Т.: Какой-то барьер он ставил, да. Тем не менее, я был очень удивлён, когда прочитал в книжке, насколько глубоко он себя чувствовал одиноким. Потому что внешне это было совершенно не так. Он вёл два концертных цикла в Союзе композиторов, и мы с Юрой [Каспаровым] знаем, что это такое: тебе день и ночь звонят, ты вечно пытаешься соединить несоединимое – выстроить интересную программу, состыковать возможности репетиций каждого из исполнителей, учесть пожелания коллег-композиторов, а в те времена – ещё и умение обходить цензуру. Часто бывало, когда сидели у него дома, телефон разрывался: композиторы, исполнители… Вечные проблемы.
Денисов никогда не выглядел одиноким, совсем даже наоборот, поэтому я удивился, прочитав этот фрагмент его дневника.
Хочу вернуться к Шёнбергу и Хиндемиту. Из Шёнберга Денисов очень высоко ценил сочинения среднего и раннего периодов. В классе Денисова я получил прекрасную школу оркестровки Шёнберга и шире – нововенцев. На основе анализа партитур нововенцев мы очень интересно оркестровали два фортепианных опуса Шёнберга.
Хиндемита же Денисов не любил. Правда, когда-то он говорил, что ранний Хиндемит – более интересный. Я тоже так считаю. Хотя, как ни странно, вопреки нежизнеспособной теории, и у зрелого Хиндемита сквозь бетон умозрительности прорывается иногда что-то действительно живое.

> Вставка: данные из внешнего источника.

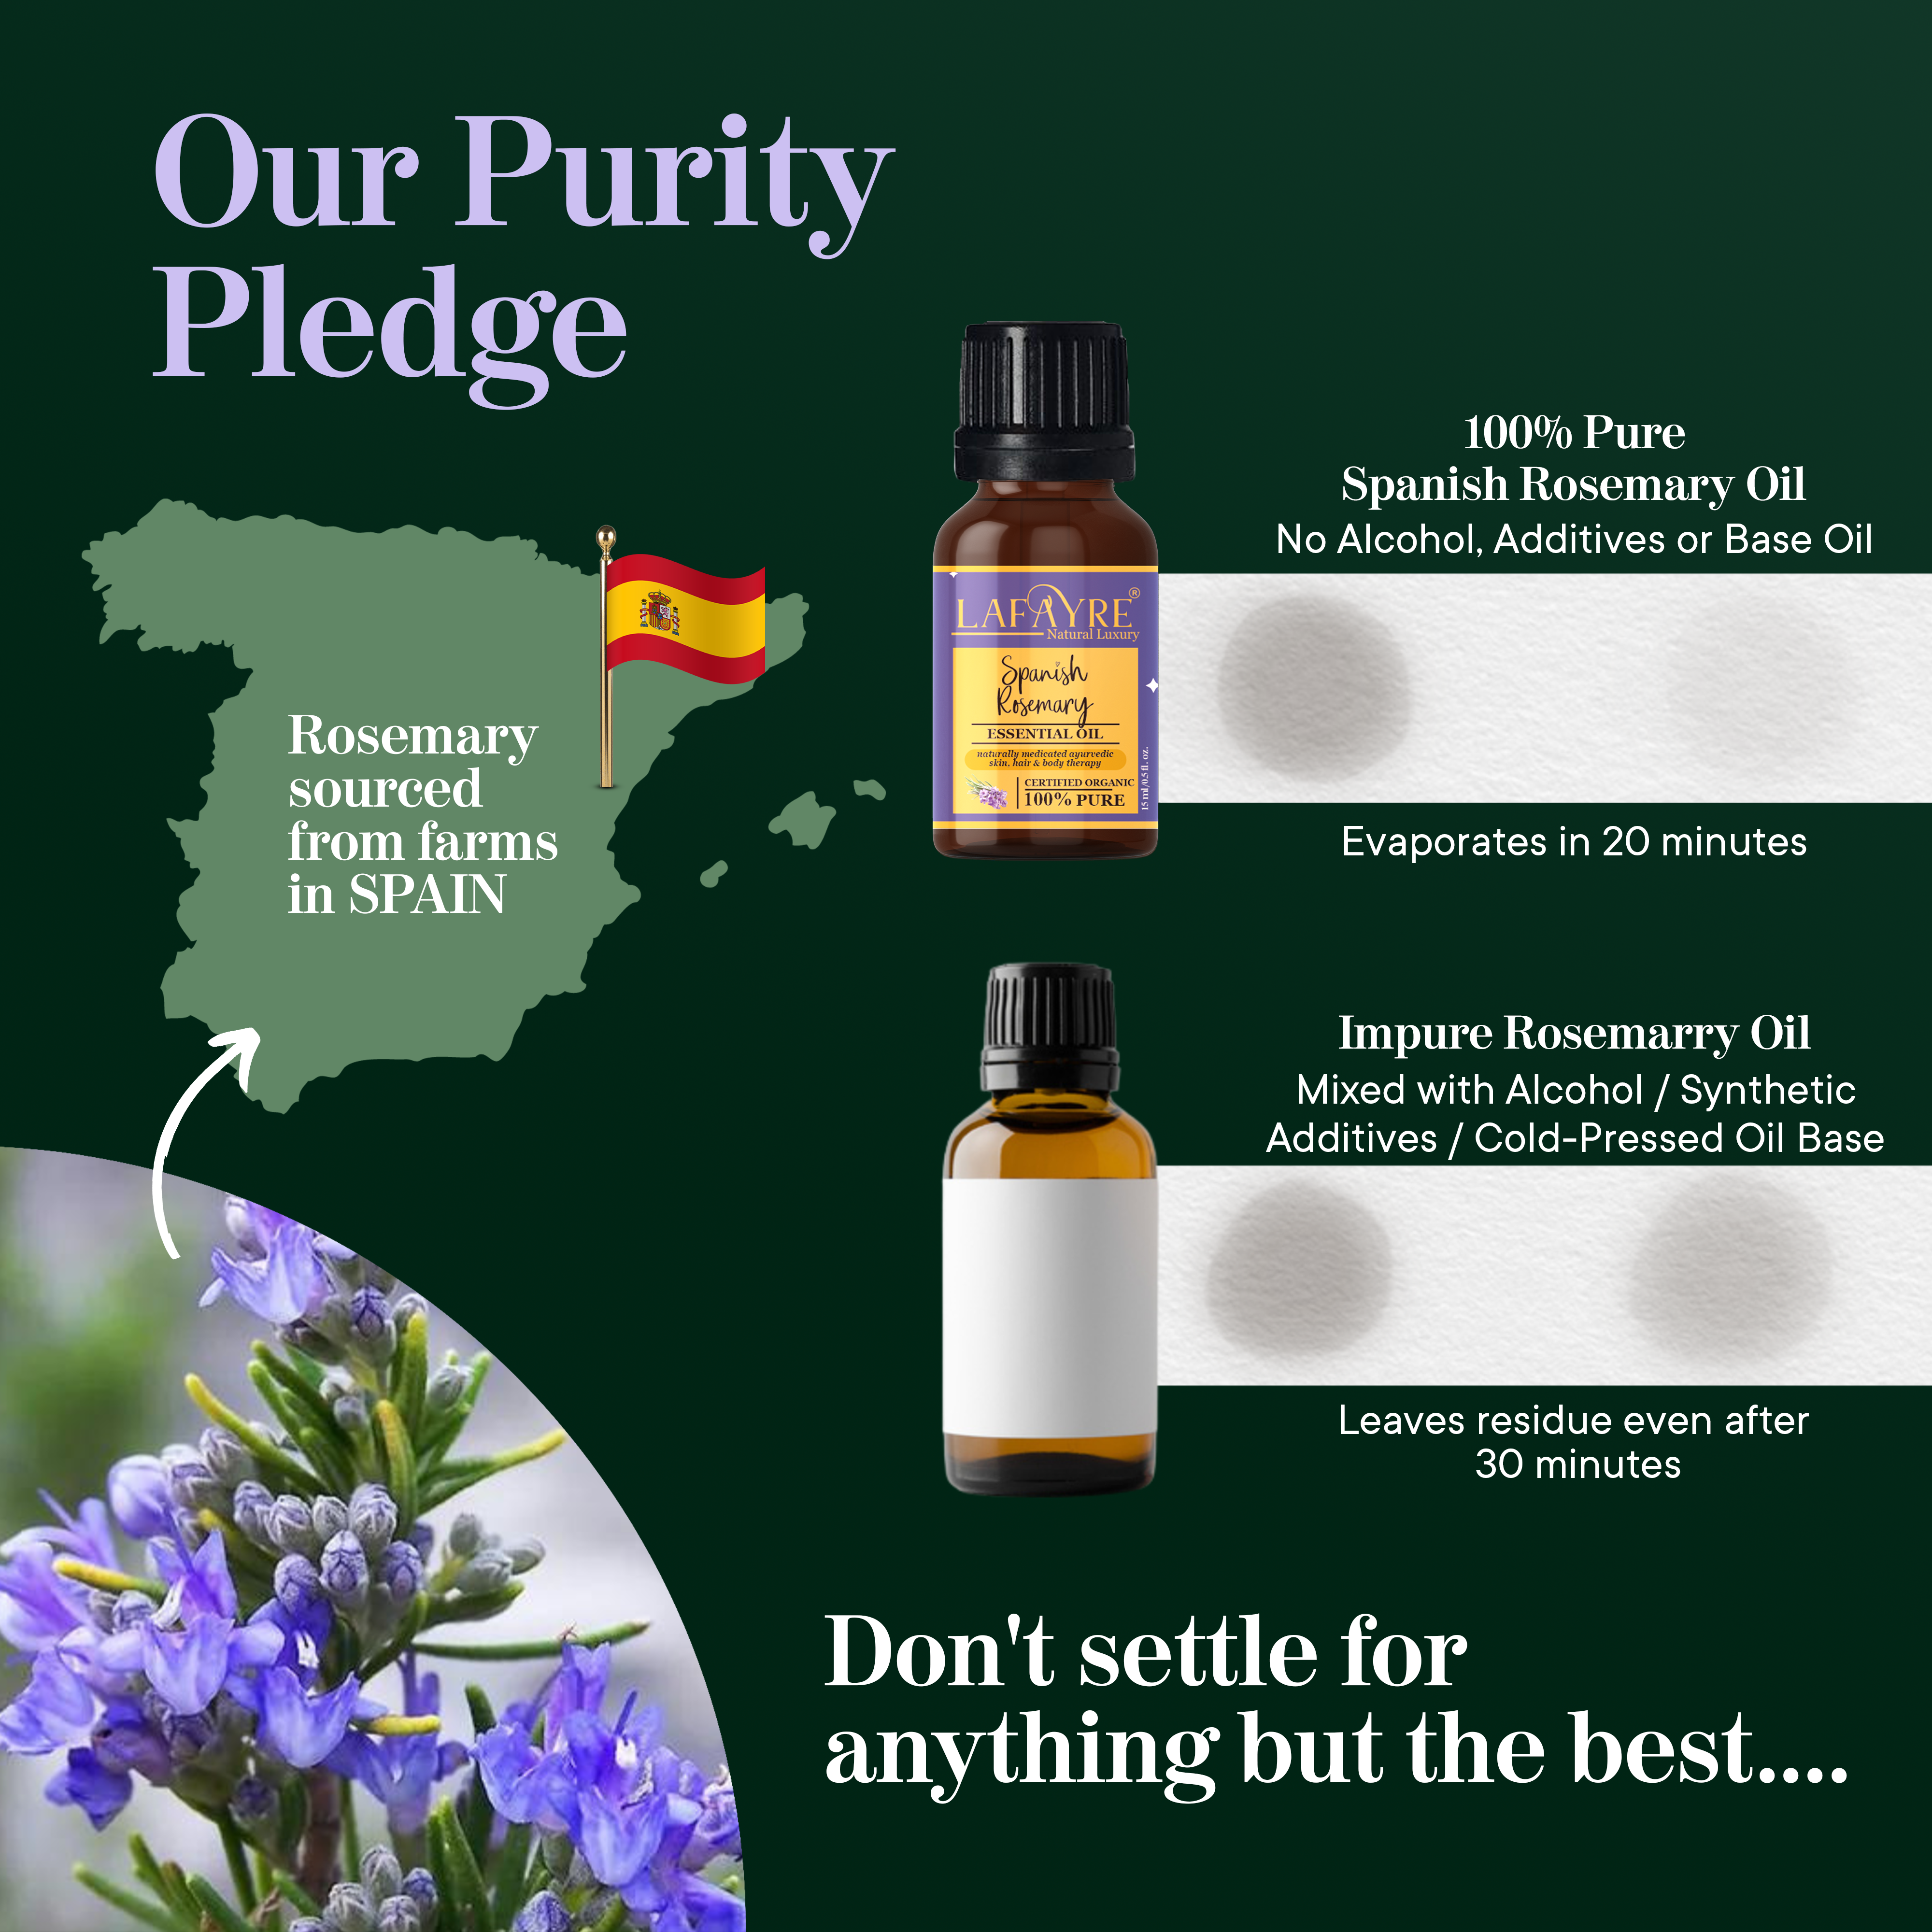 Spanish Rosemary Essential Oil Pledge

Денисов же, с моей точки зрения, был композитором-лириком, и всё «крупнопомольное», «суперконцепционное», теоретически-манифестное было абсолютно ему чуждо. Вообще, вопреки общественному мнению того времени, музыка Денисова – это как раз полная противоположность сухой математической умозрительности, в чём его по какому-то недоразумению упрекали. Я бы даже сказал, что он был, пожалуй, самым утончённым, самым «сенсибельным» русским композитором своего времени.

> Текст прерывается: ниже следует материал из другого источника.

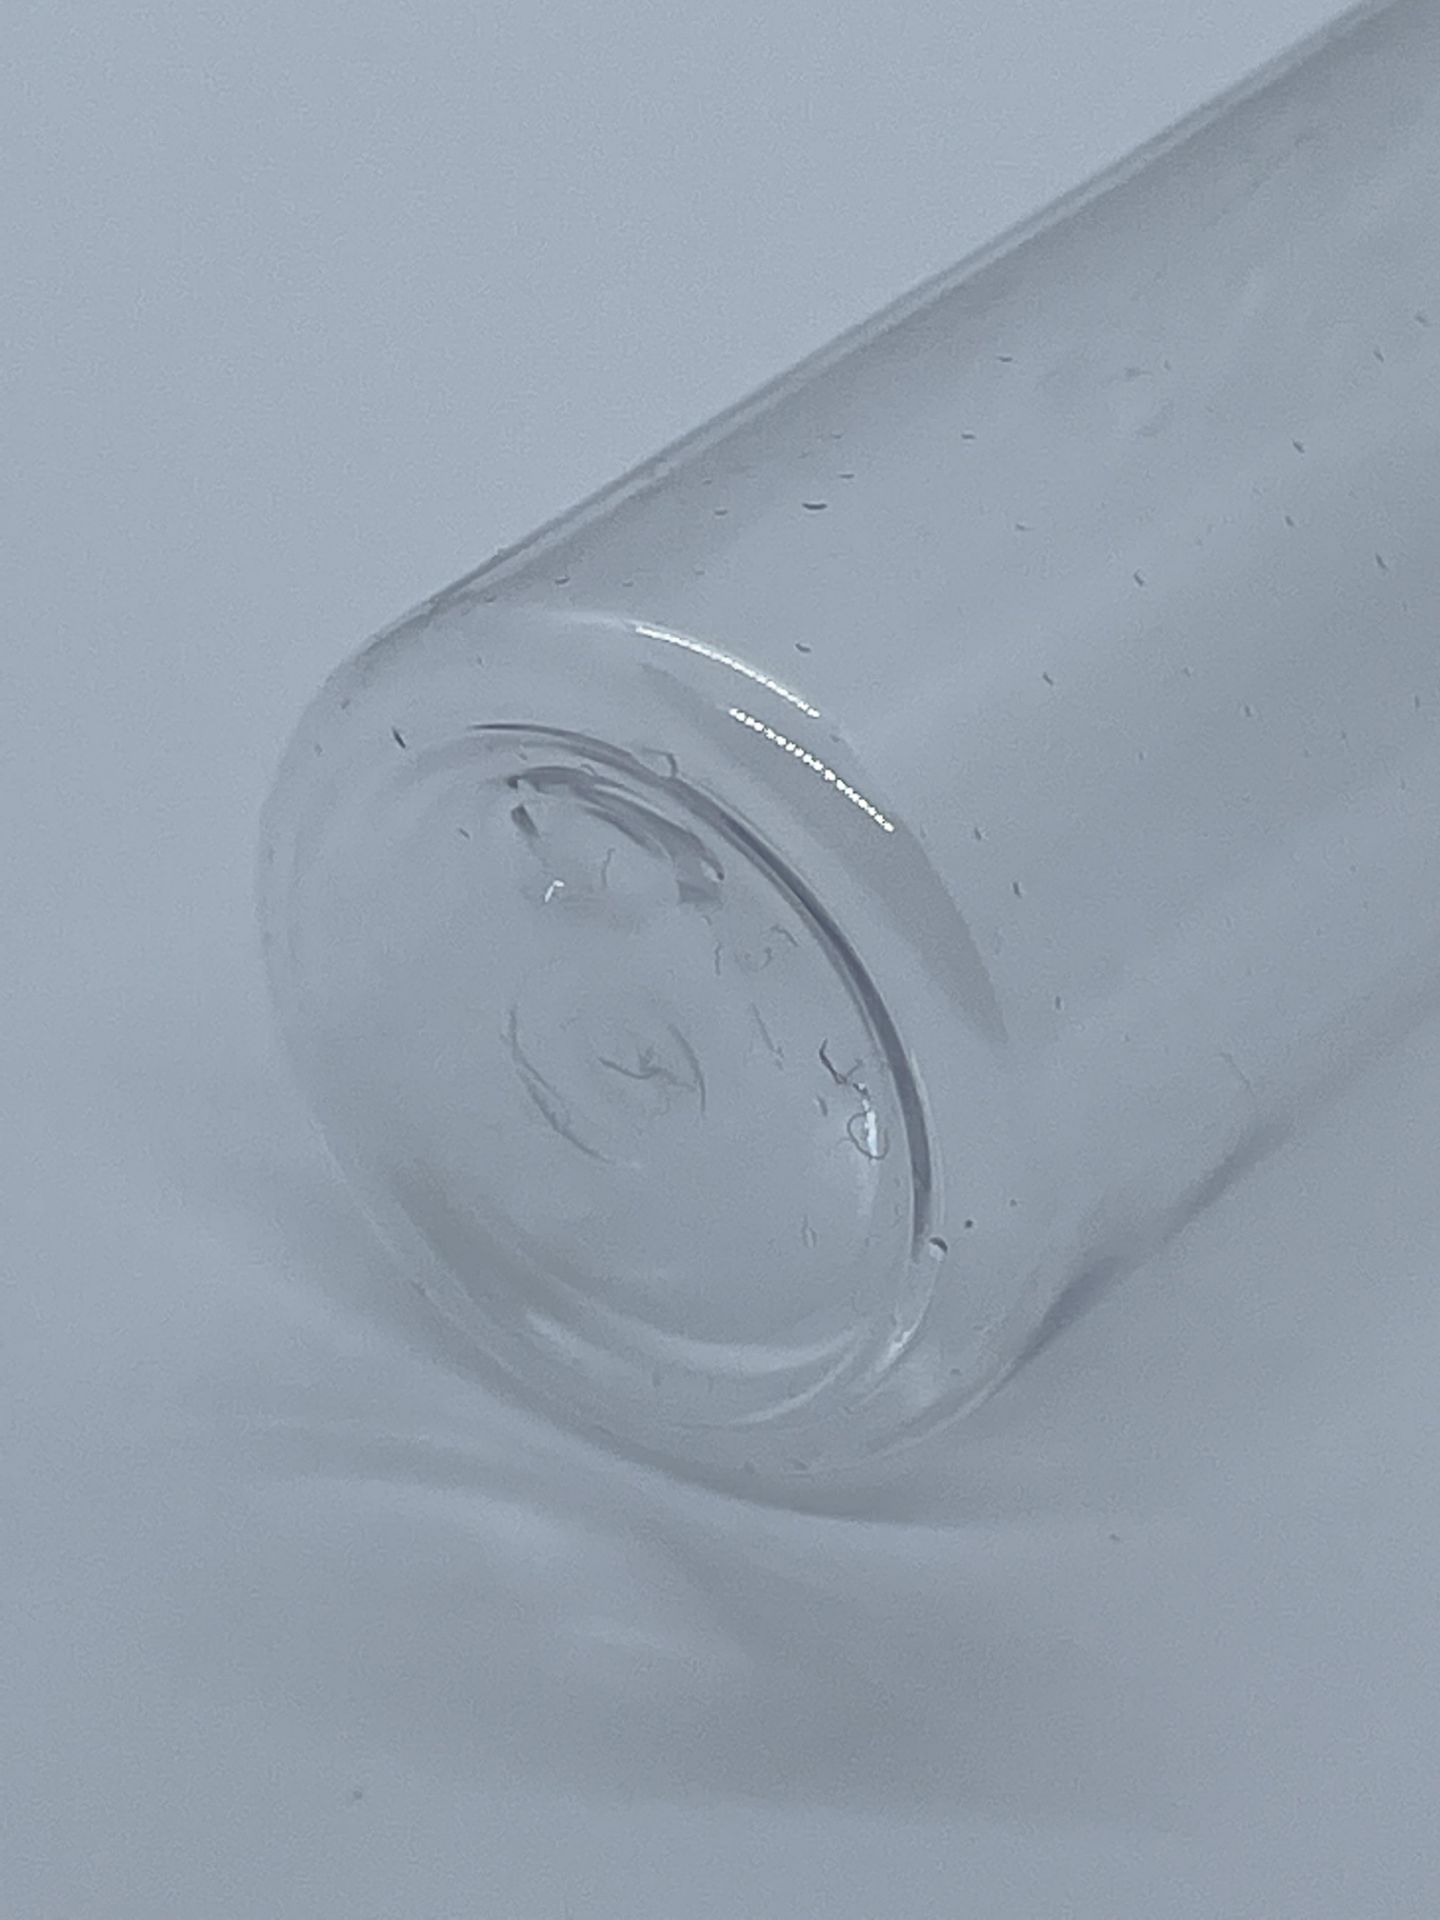 99,500 - Clear Plastic Bullet 2 oz Empty Bottles, 18-410 Threading Neck, 4.25" Tall 1.25" Diameter - Image 5 of 5

К.: Очень важный момент: Денисов теснее всего был связан с Францией, которая всю жизнь соревновалась с Германией, и в музыкальной сфере тоже. Хотя, на самом деле, это очень большая глупость, потому что не было бы Рамо, не было бы Венской классической школы, например. Германия, Франция, Италия обогащали друг друга, и до сих пор так происходит. За нововенцами пошли Булез, Штокхаузен, Ноно…
Тем не менее, Денисов, в котором всё французское, по определению не мог любить немецкое.
– Глинка, Моцарт, Шуберт – три его любимых композитора.
К.: Насчет Глинки он лукавил.
Т.: Мне тоже так всегда казалось.
К.: Несомненно лукавил! Просто хотел быть «русским». Будучи «французским». Французы ведь не любят четыре пиано, три форте… Помню, купил всего Дебюсси с Булезом и сравнил со Светлановым…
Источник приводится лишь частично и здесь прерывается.